Today the division is, thank goodness, no longer so clear-cut. Stanley Cavell's explorations of Shakespeare and Hollywood film, Bernard Harrison's studies of Fielding, Sterne and biblical parable, Martha Nussbaum's enquiries into the workings of the novels of Proust and Henry James - all these have not only enriched literary criticism, but philosophy itself.
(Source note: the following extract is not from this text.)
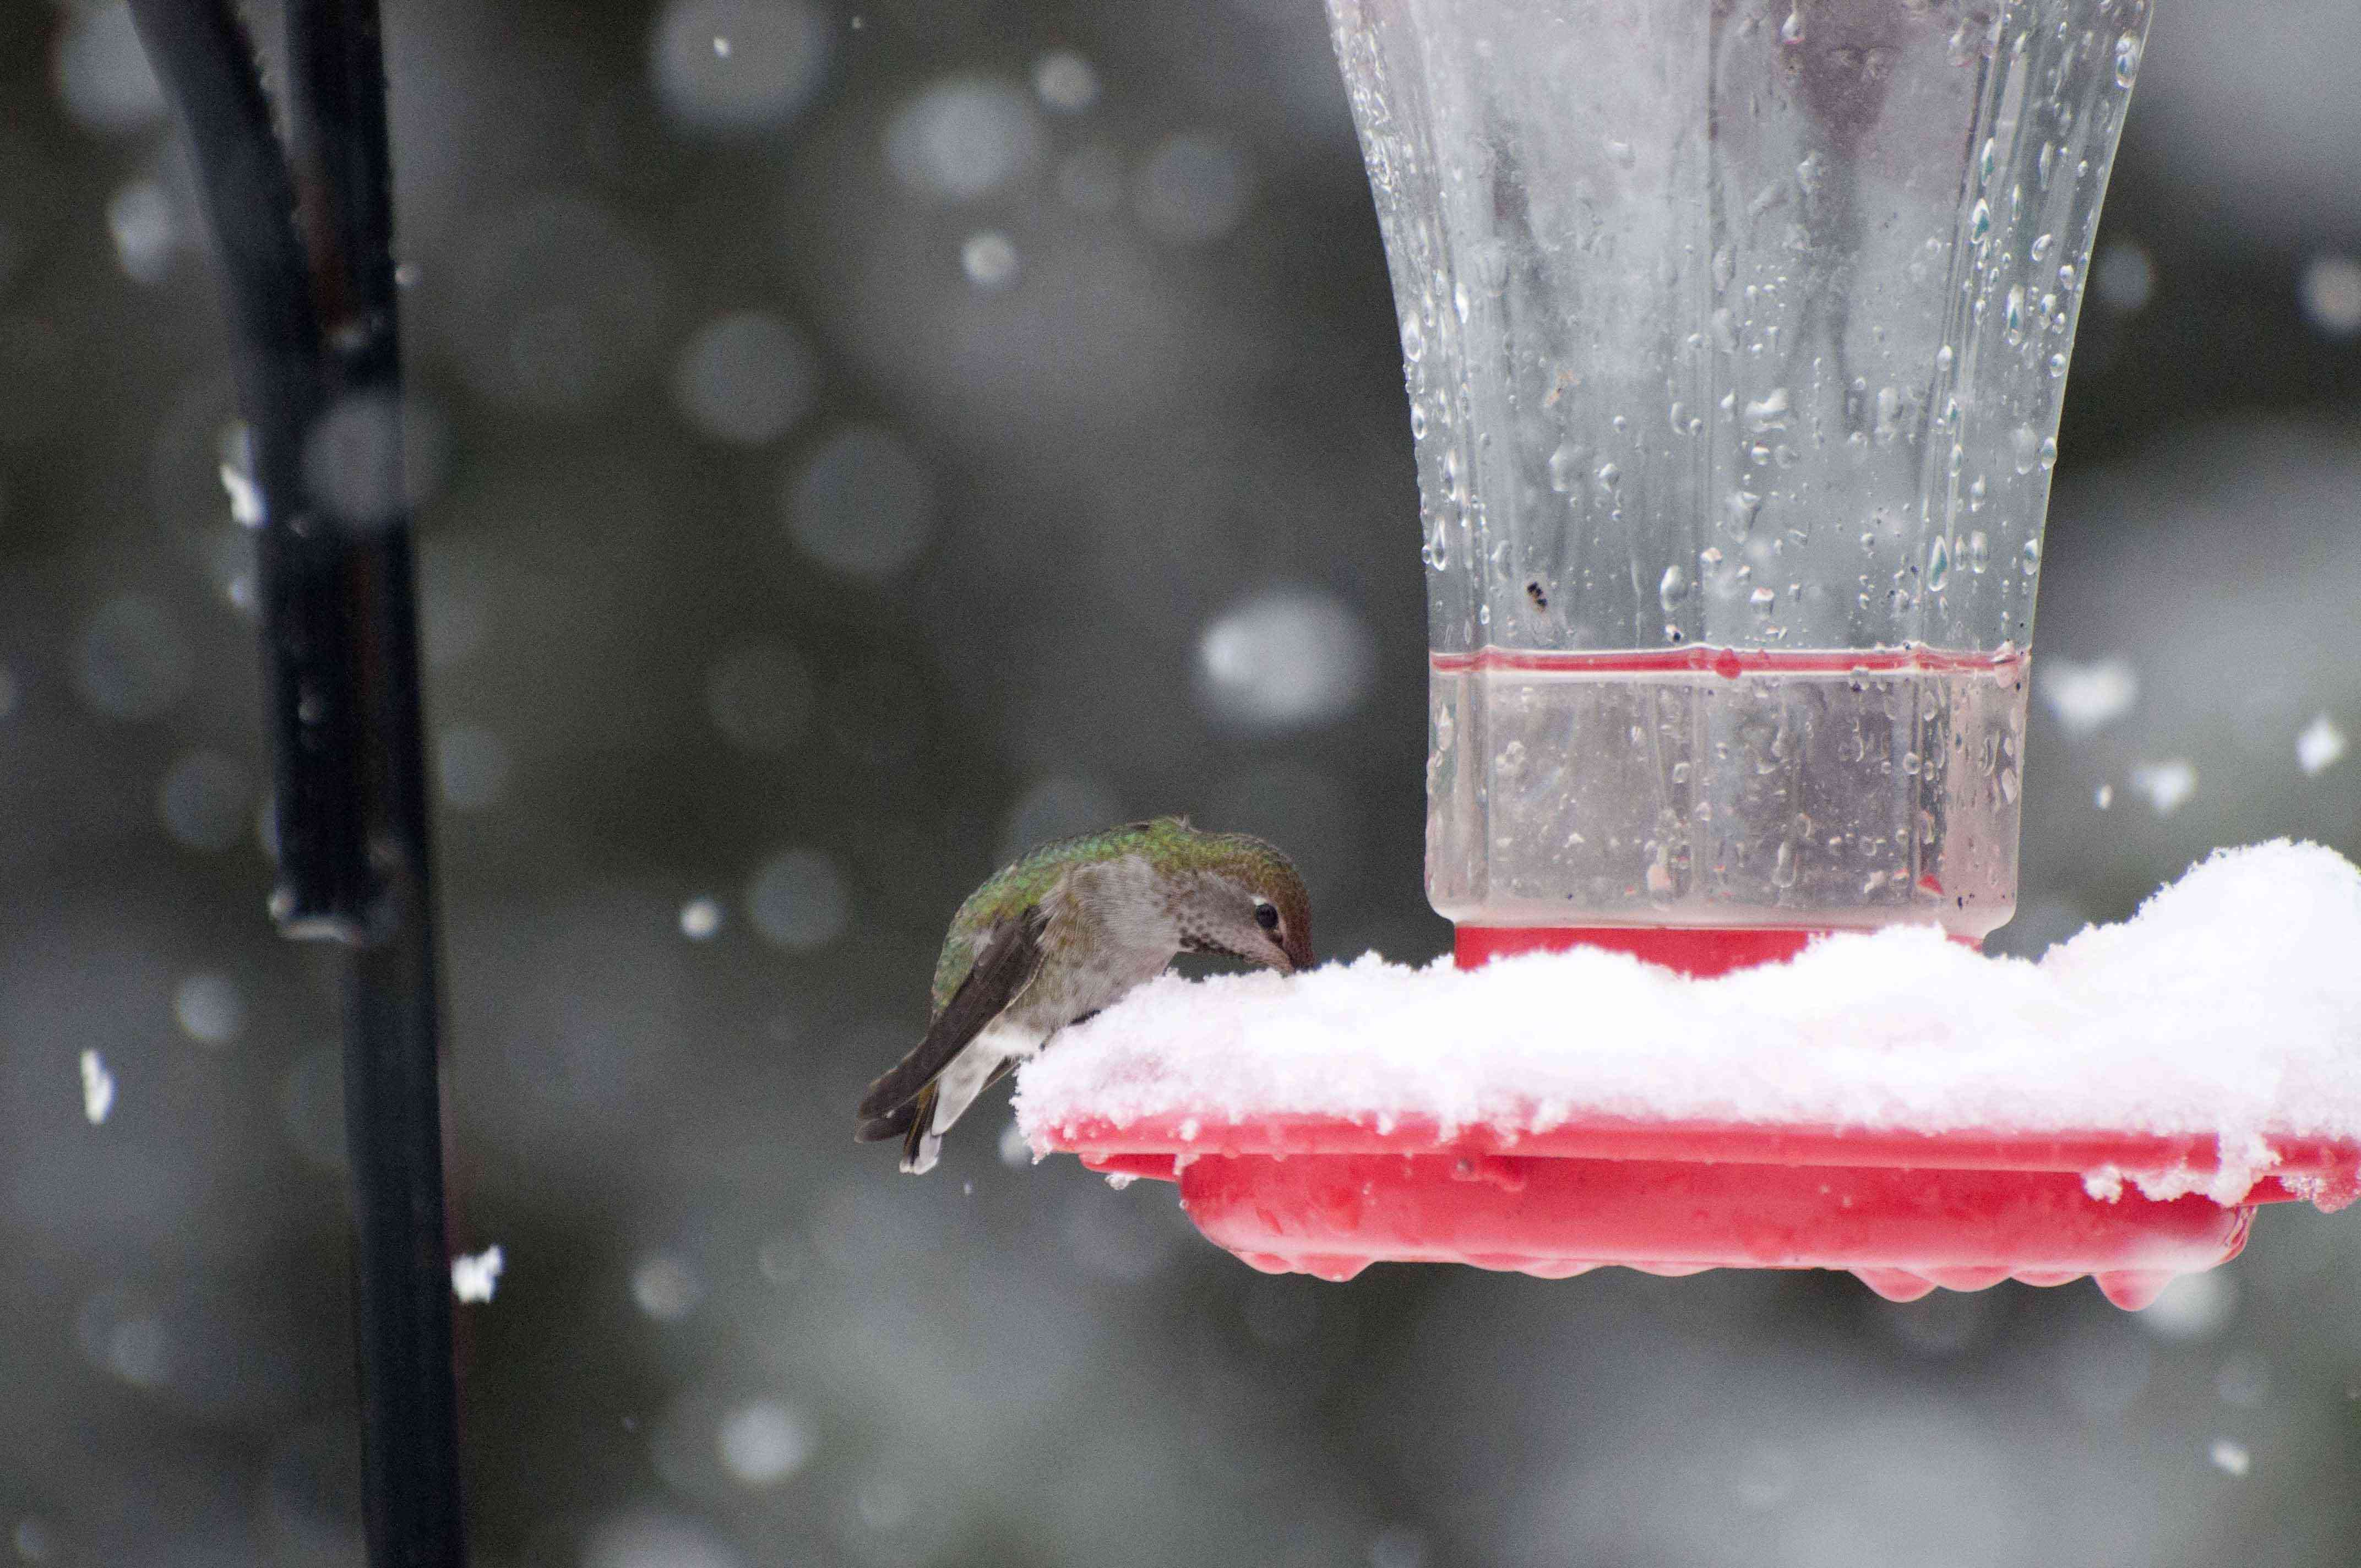 hummingbird at a hummingbird feeder in the snow

The key area for the meeting of philosophy and literary criticism, however, has always been the ancient Greeks. From Nietzsche's Birth of Tragedy to Nussbaum's The Fragility of Goodness, many of the most interesting philosophical works have started from an exploration of the problems bequeathed to us by Homer and Sophocles, Plato and Aristotle. For if Western philosophy is nothing but a series of footnotes to Plato, Plato himself can be seen as nothing but a series of footnotes to Homer and Greek tragedy. Eric Havelook wrote a whole book on Homer entitled Preface to Plato, and though not everyone was persuaded by his argument that Plato can only be understood in terms of his attempt to oust Homer from the central place he held in Greek culture, philosophers have increasingly recognised that key present-day philosophical issues can perhaps still best be tackled by trying to understand just what was gained and what was lost in the transition from Homer to Plato.
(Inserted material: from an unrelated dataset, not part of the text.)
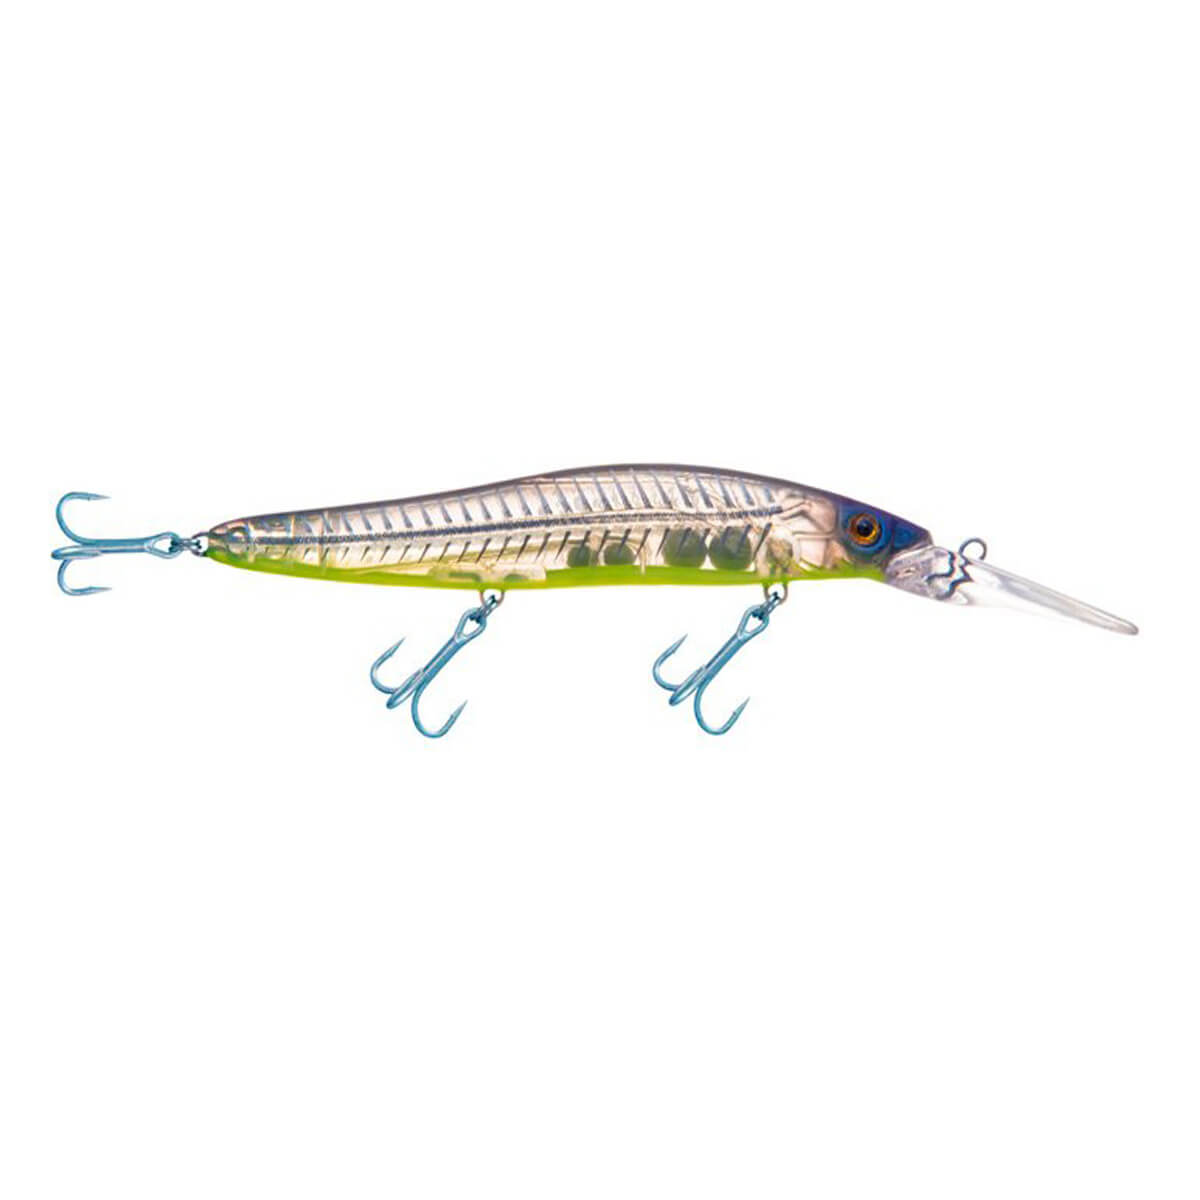 Isca Artificial Lori Mais 80  - Pró Pesca Shop

Bernard Williams's work has for some time now been moving in this direction, and here he has tried to face the issue head-on. With the care and circumspection of an Oxford philosopher, but with the belief in the continuing importance of Homer and the tragedians of a disciple of Nietzsche, he sets out to show that 'if we can liberate the Greeks from patronising misunderstandings of them, then that same process may help to free us of misunderstandings of ourselves.'

He argues that the beginning of the problems for ethics arose with the desire of Plato and Aristotle to distinguish the realm of morality from general questions about how we are to live our lives in a world of contingency and confusion. But his real target is Kant and his followers, who, according to him, have not only saddled ethics with many pseudo-problems, but have also managed to persuade us that as we move from Homer to Plato we move from the confused and naive to the sophisticated and precise. This, says Williams, is both bad philosophy and bad cultural history.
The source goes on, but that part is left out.